There was just one problem. It wasn’t legal. The vast majority of the billions of songs downloaded through Napster were owned by the artists and record companies that had produced them. Sharing them without permission or payment was against the law. The arrival of Napster had turned millions of otherwise law-abiding citizens into digital shoplifters, setting off the greatest, or at least the broadest, orgy of looting in history. The musicians and record companies fought back, filing lawsuits charging Fanning’s company with copyright infringement. Their legal counterattack culminated in the closing of the service in the summer of 2001, just two years after it had launched.

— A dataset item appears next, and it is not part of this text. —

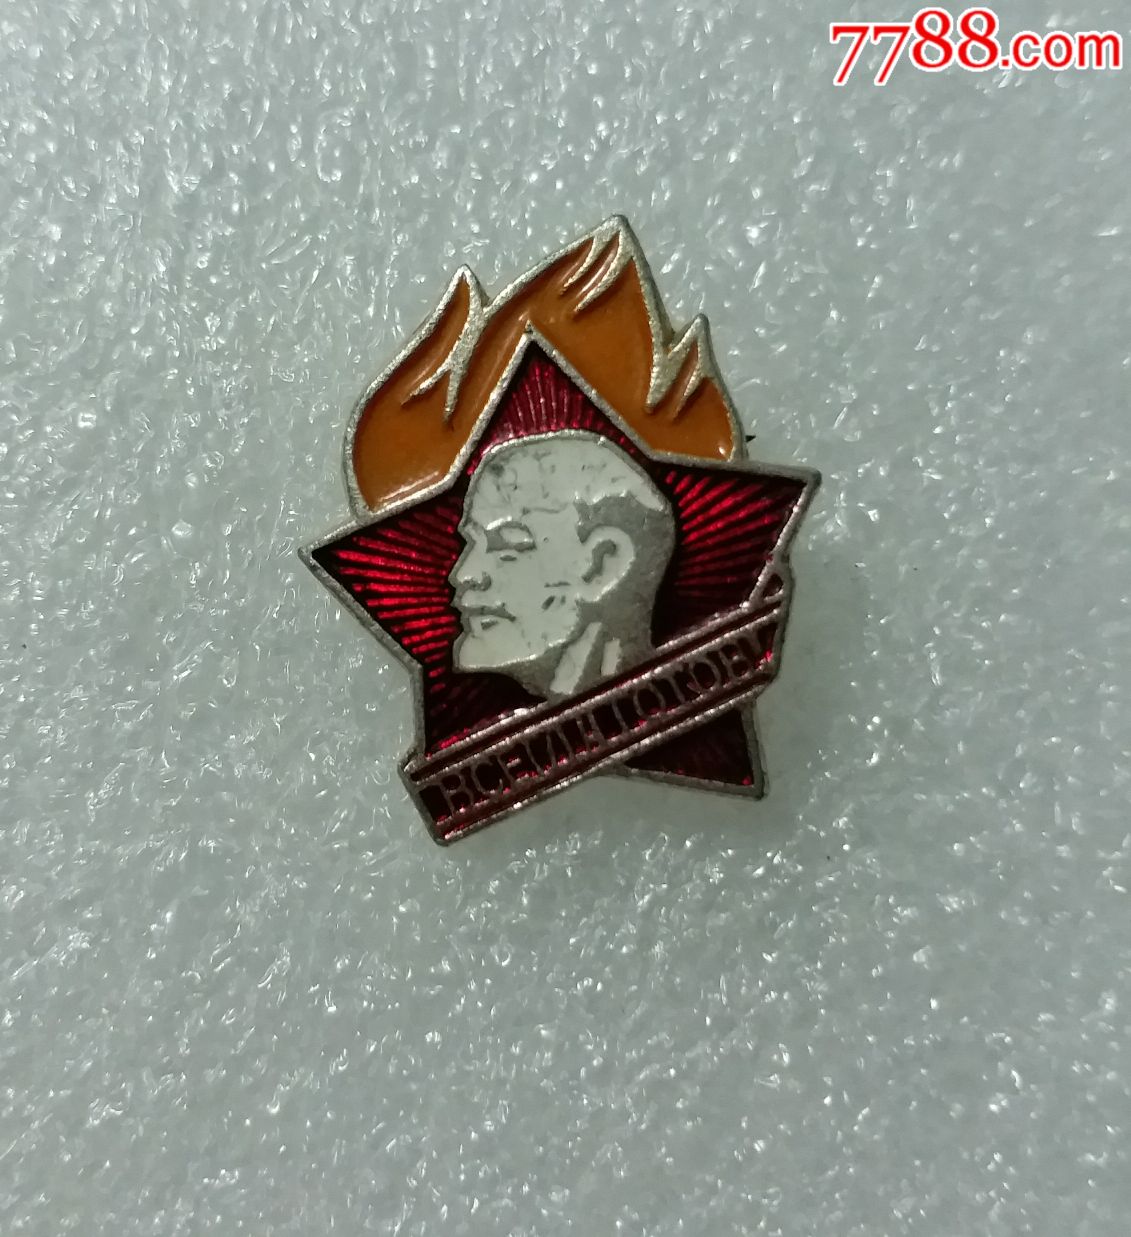 苏联列宁徽章

Napster died, but the business of supplying computing services over the Internet exploded in its wake. Many of us now spend more time using the new Web 2.0 services than we do running traditional software applications from our hard drives. We rely on the new utility grid to connect with our friends at social networks like MySpace and Facebook, to manage our photo collections at sites like Flickr, and Photobucket, to create imaginary selves in virtual worlds like World of Warcraft and Disney's Club Penguin, to watch videos at sites like YouTube and Joost, to write blogs with WordPress or memos with Google Docs, to follow breaking news through feed readers like Rojo or Bloglines, and to store our files on “virtual hard drives” like Omnidrive ond Box.
All these services hint at the revolutionary potential of the new computing grid and the information utilities that run on it. In the years ahead, more and more of the information-processing tasks that we rely on, at home and at work, will be handled by big data centers located out on the Internet. The nature and economics of computing will change as dramatically as the nature and economics of mechanical power changed with the rise of electric utilities in the early years of the last century. The consequences for society - for the way we live, work, learn, communicate, entertain ourselves, and even think - promise to be equally profound. If the electric dynamo was the machine that fashioned twentieth century society - that made us who we are - the information dynamo is the machine that will fashion the new society of the twenty-first century.